5G, IoT… tout se tient !

° 5G, IoT… la piste semble toute traçée….

« C’est évident. Demain, quand l’IoT fera pleinement partie du paysage numérique, l’edge computing sera un allié de choix puisqu’il traitera localement les données issues des objets connectés, par exemple des capteurs présents directement sur une machine ou une canalisation pour détecter en temps réel une éventuelle fuite. À l’aide de micro data centers agrégeant et croisant de multiples données, comme celles issues des systèmes embarqués des voitures connectées ou des drones, l’edge permettra de réduire les circuits de traitement et rendra les objets plus réactifs. »

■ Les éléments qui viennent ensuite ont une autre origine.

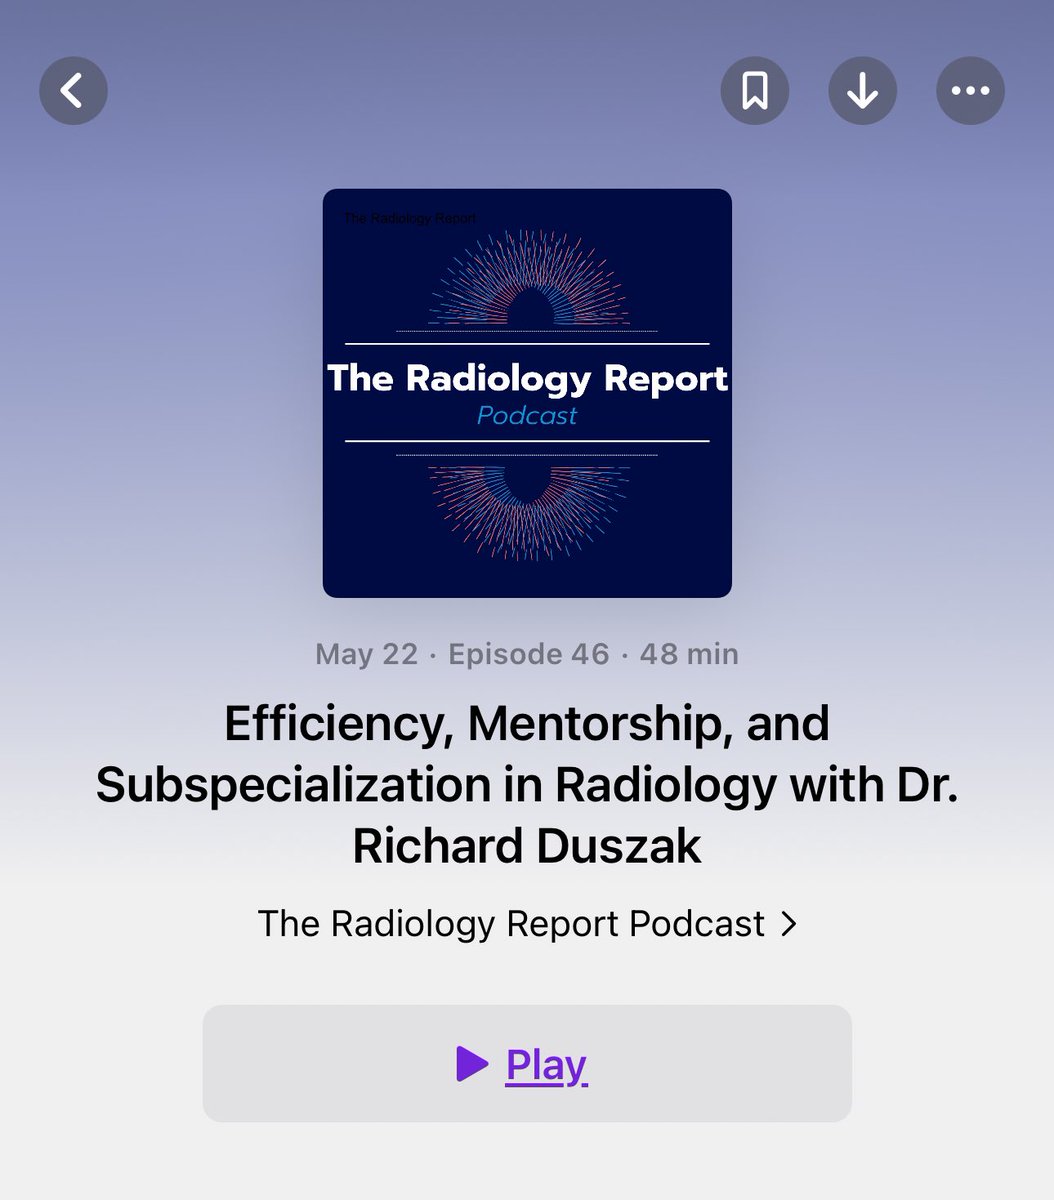 Check out the latest @radreportpod featuring our chair, @RichDuszak, speaking on “Efficiency, Mentorship, and Subspecialization in Radiology.” 🔗 podcasts.apple.com/us/podcast/the…
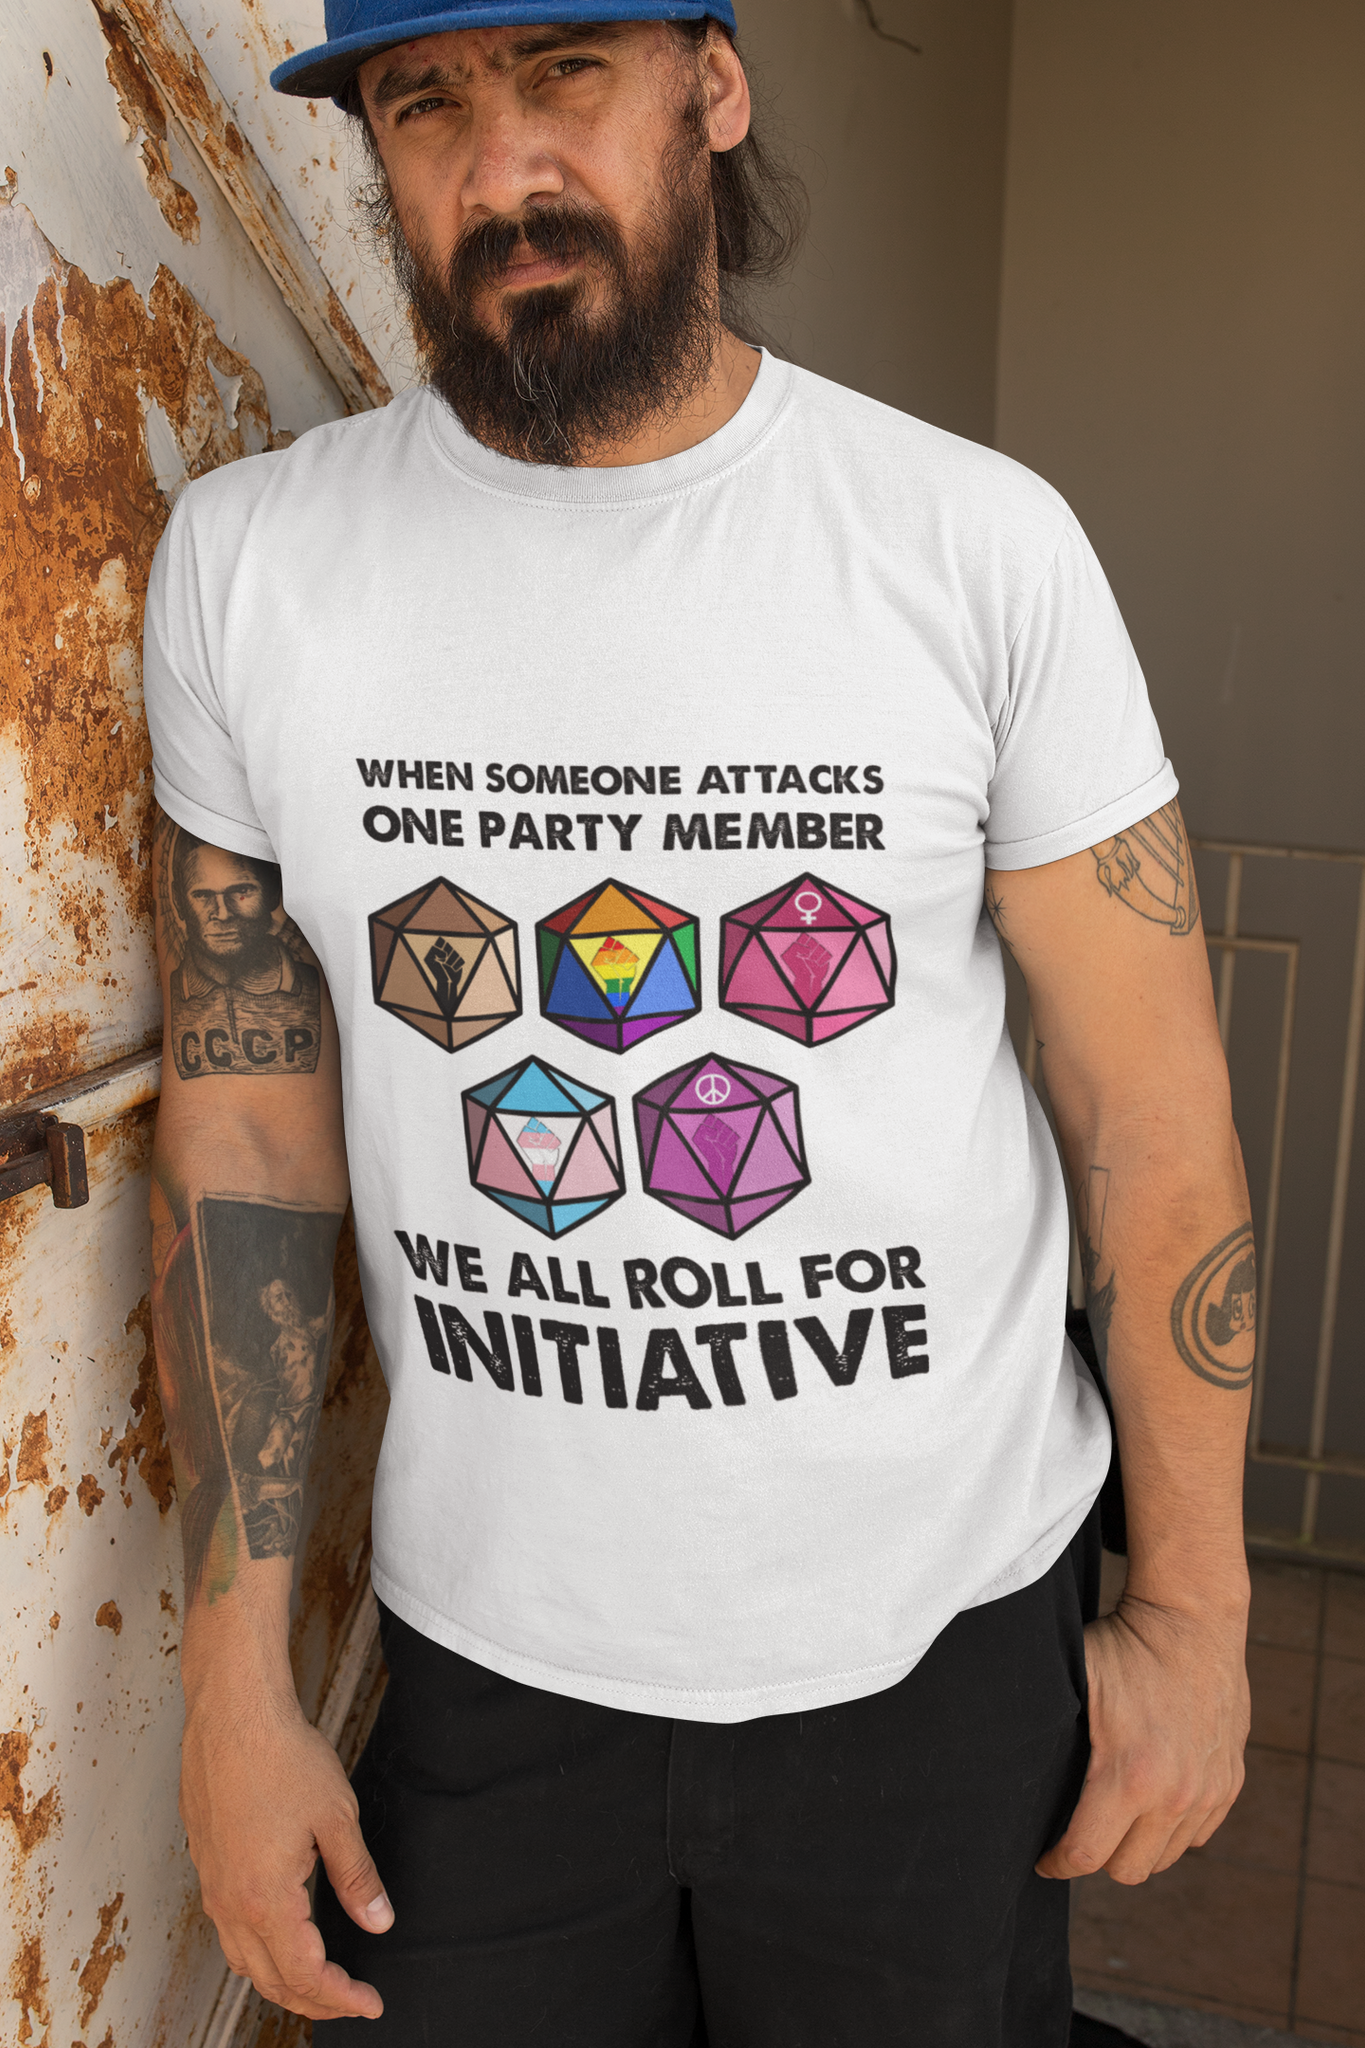 Dungeon And Dragon T Shirt, RPG Dice Games Tshirt, We All Roll For Initiative DND T Shirt

« La 5G fera elle aussi franchir un nouveau cap à l’IoT en proposant à la fois des technologies bas débit comme le LTE-M et des temps de latence répondant aux exigences de l’IoT critique. Elle renforcera dans le même temps les capacités d’analyse de données en masse telles que nous les connaissons actuellement à travers l’intelligence artificielle. L’objectif est clair : une vision globale de l’activité et des ajustements de processus immédiats.

L’IA, un accélérateur

° Un pas de plus vers les smart cities ?

« Les flux de données de l’IoT traitées dans des temps réduits pourront en effet déclencher automatiquement des changements simples de processus sur les objets. La présence d’algorithmes d’IA en local favorisera en outre le développement de boucles correctives sur des processus plus complexes tels que l’anticipation des pannes ou encore les opérations de maintenance sur un appareil. »

« Les secteurs de l’industrie et de l’énergie pourront ainsi utiliser le traitement des données à la source pour éviter le partage involontaire de leurs informations de production. Les smart cities, qui analysent la data pour mesurer les dépenses énergétiques, la qualité de l’air, la gestion des déchets ou la fluidité du trafic pourront, quant à elles, s’appuyer sur une infrastructure de proximité avec un réseau décentralisé capable de traiter les données à l’endroit où elles sont produites. Bref, nous n’en sommes qu’aux tout débuts ! »

(*) Olivier Labbé, CEO, Cap DC, filiale de Cap Ingelec – Interview au cours du salon ICT Infra, le 23 septembre, Van der Valck Hotel, Nivelles.